# Any Old Iron



## Lonsdale73 (25 Mar 2019)

After some iron items which I keep getting told can be found 'any old place' but I'm not having much joy. Could be such items no longer exist in the UK.

First thing I'm trying to find is cast iron hand wheels, c125mm with a bore that work with 20mm threaded stud. I can find the latter easily enough but would be nice to find somewhere capable of supplying both. I'm sure you can all probably guess it's intended purpose.

The next item is something I've head referred to as half-inch pipe, sometimes black pipe which can be threaded one end or both. This is something I've seen repeatedly stated as 'available from any plumber's merchant' but still I can't find it on Plumbersworld/Plumbersmate etc. Are these possibly American terms an we know it by another name?


----------



## Fergal (25 Mar 2019)

Electrical suppliers sell steel conduit in various diameters, galvanised or black enamelled, like this:
https://www.tlc-direct.co.uk/Main_Index ... index.html

Would that do?

As for cast iron discs for handwheels, I've heard of people using weight training plates for this purpose.


----------



## heimlaga (25 Mar 2019)

In Finland black pipe is sold by every plumber's merchant. 
Originally the size in inches was the inner diametre. The wall thickness has been reduced in later times so theese days the inner diametre of half inch pipe is around 14 mm. The outside diametre is something like 22mm

The pipe threads used in Europe go by the nominal (pre wall reduction) inner diametre of the adjoining pipe. Hence a half inch pipe thread is around 21 mm measured on the outside.
European pipe threads are Whitworth pipe threads also called BSP. Americans have another standard for pipe threads.

I usually buy cast iron handwheels at the local scrapyards. The handwheels come off valves on the sort used on pipes in industries. They usually have a tapered square hole in the center. I usually file the shaft or screw to fit the square hole but sometimes it makes more sence to bore out the center.
Sometimes I find good handwheels on scrapped industrial machines. The handwheels on my spindle moulder fence for instance came off a bandly mangled printing press.


----------



## marcros (25 Mar 2019)

the pipe is fairly easily available- pipeline centre (unless Wolseley have rebranded), BSS, etc. The problem is that it will be in long lengths and only threaded one end. You will need some proper kit to thread it, and even hiring it would cost you a few quid.

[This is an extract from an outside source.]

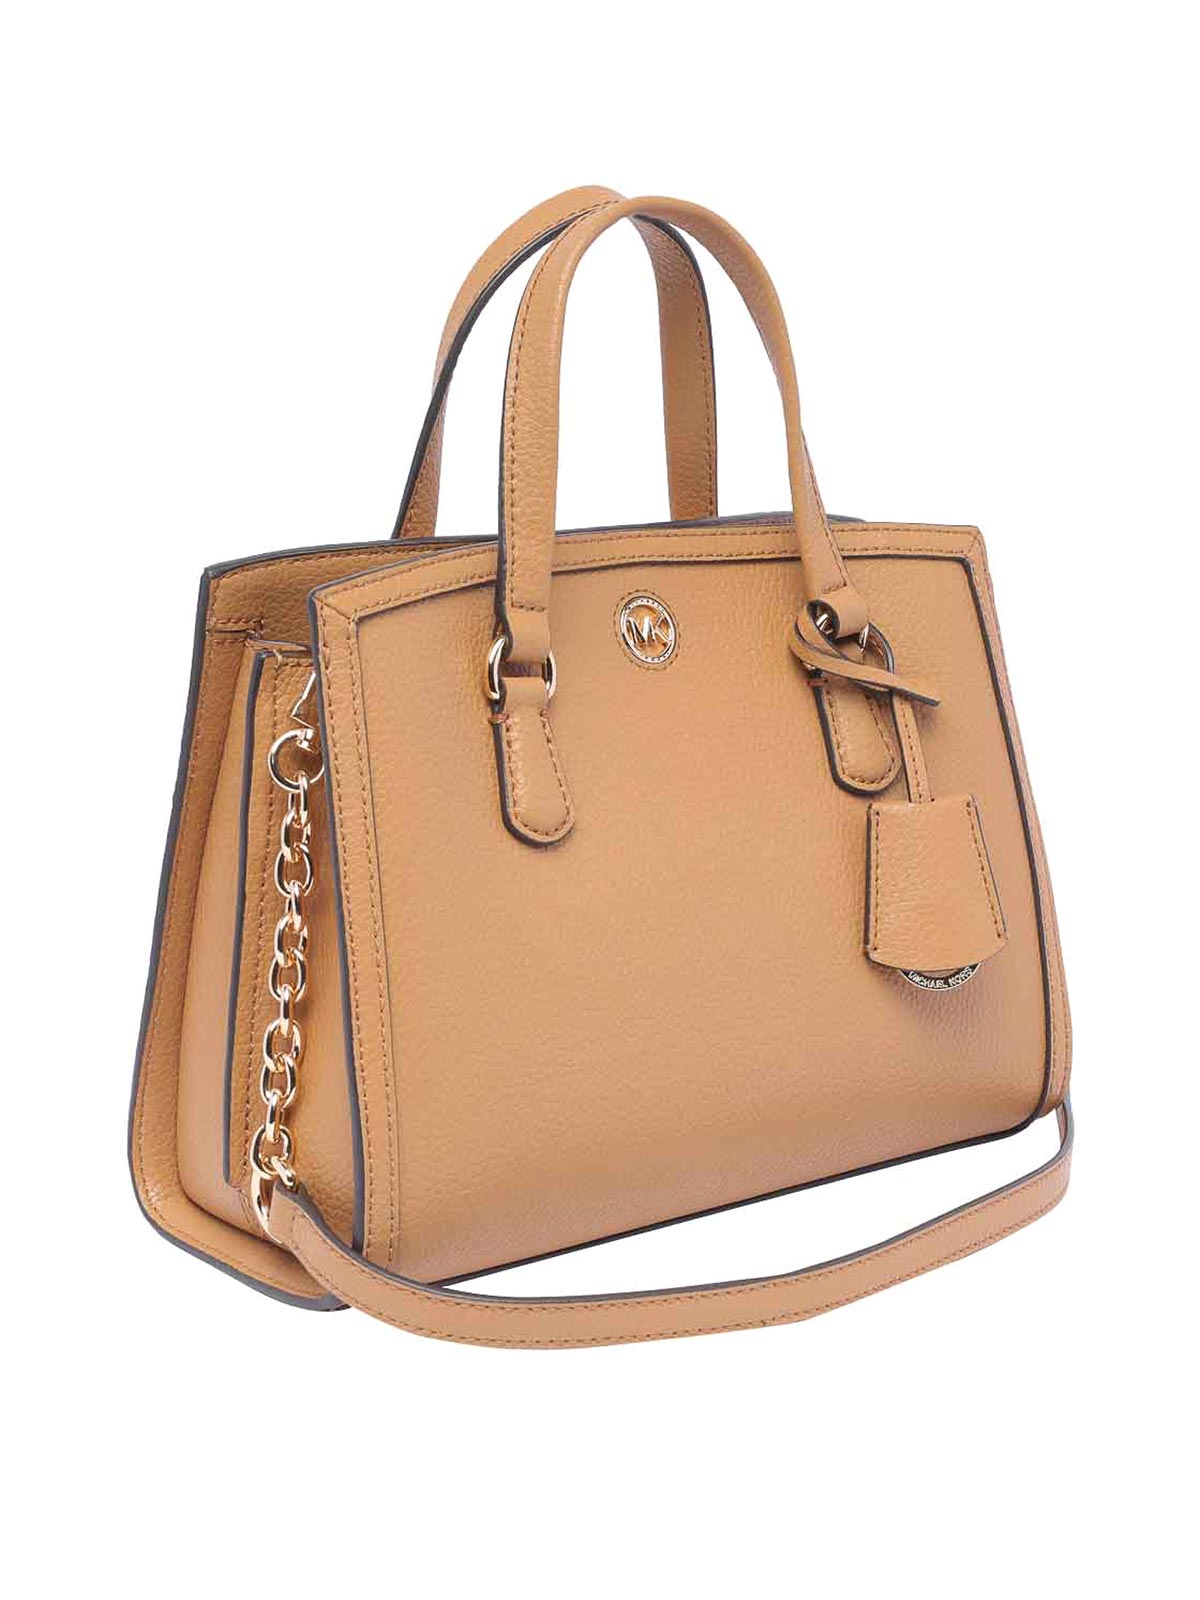 Bags | Buy Women's Bags Online Qatar - AIGNER

I would suggest https://www.ebay.co.uk/itm/BLACK-MEDIUM ... 3LY8MS7Zwg as an option. I am sure that they will do longer lengths, but postage pay be an issue.

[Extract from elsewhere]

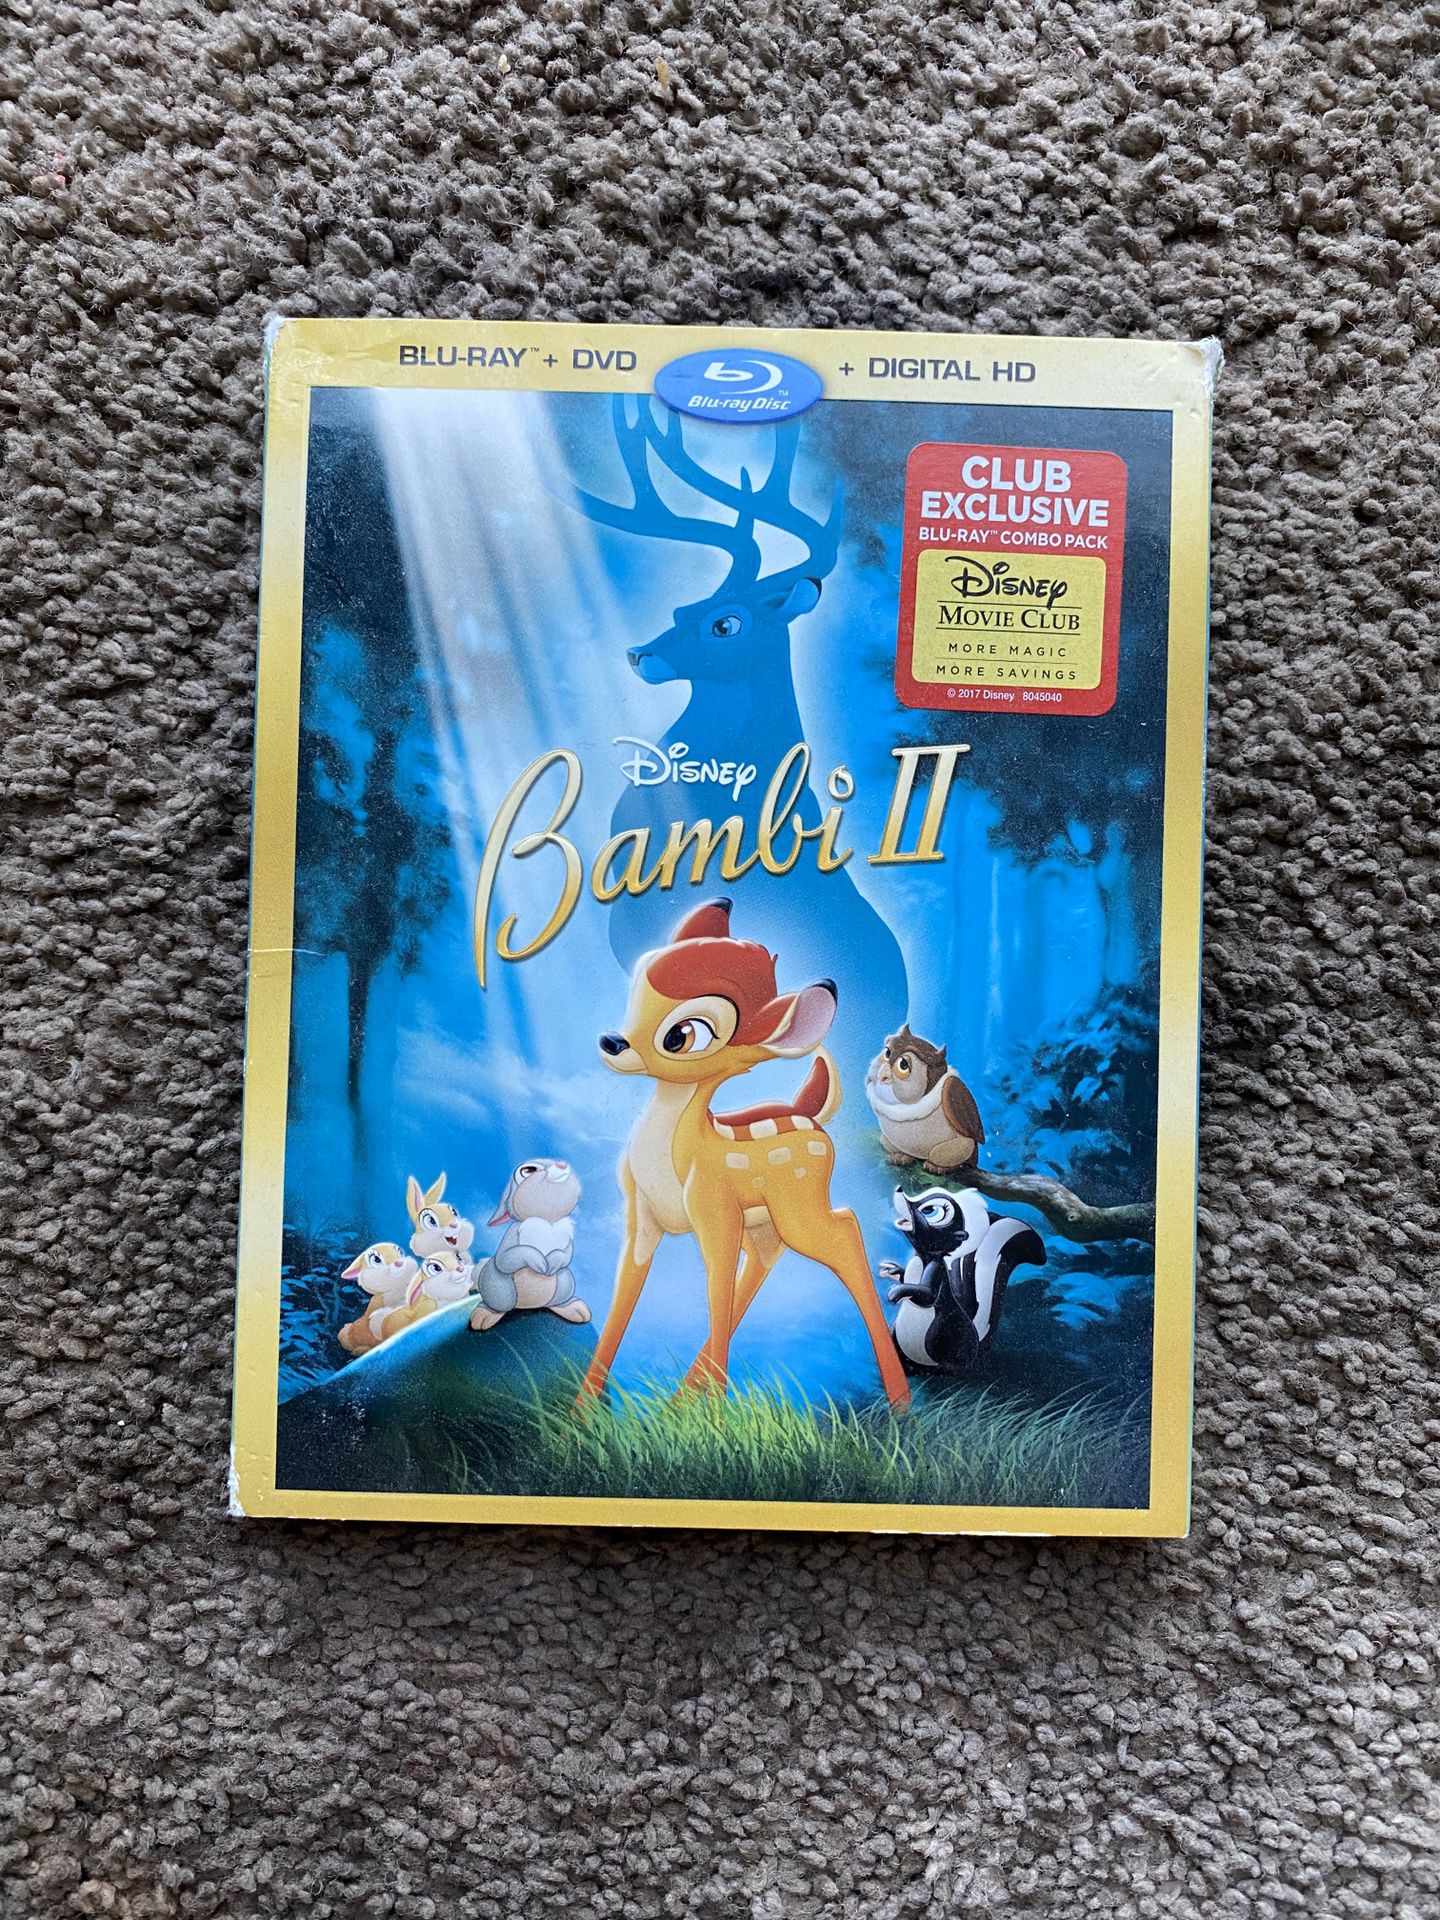 Disney’s Bambi 2

note. https://pipeworksuppliers.co.uk/index.p ... uct_id=328 they do.


----------



## Myfordman (25 Mar 2019)

Google for cast iron wheels. Keystone castors for example?
Ideally you dont want to run a plain bore wheel on studding and it will wear quickly and wobble. 20mm bore bearing wheels are readily available and with nuts and washers you can tighten down on the bearing inner with the studding and get a smooth running result.
Iron pipe will be stocked in 6m ish lengths and the OD will be defined by the thread size to be used with it. eg 1/2 will use 1/2 BSP which is much much bigger than 1/2" on the outside.


----------



## Bm101 (25 Mar 2019)

Used wds once and were fine for ball knobs. Looked to get wheel there too but never got round to it. Lots of options.

http://www.wdsltd.co.uk/product/3699/ca ... -wds-8193/

Another site is Berger Tools. Never used them though. 
https://www.berger-tools.co.uk/Home/

Cheers 
Chris


----------



## Lonsdale73 (25 Mar 2019)

Bm101":fnru00h7 said:


> Used wds once and were fine for ball knobs. Looked to get wheel there too but never got round to it. Lots of options.
> 
> http://www.wdsltd.co.uk/product/3699/ca ... -wds-8193/
> 
> ...



Oddly enough, they were two sites my google search threw up afore I asked the question on here. WDS don't appear to offer a wheel with a 20mm inner diameter; Berger do but at 8" diameter rather than five inch max I was hoping for. The idea is to use these to make a moxon and / or legvice, which our colonial counterparts seem to be able to do with consummate ease and for peanuts. I can buy components from Workshop Heaven for £94 or complete vice for around £40 more from either them or Axminster. But the threaded bars are only 240mm long which, when 40mm wooden chops are added, seems to be limiting the holding capacity of the vice. I have wondered if there's a practical limitation which keeps them down to this size.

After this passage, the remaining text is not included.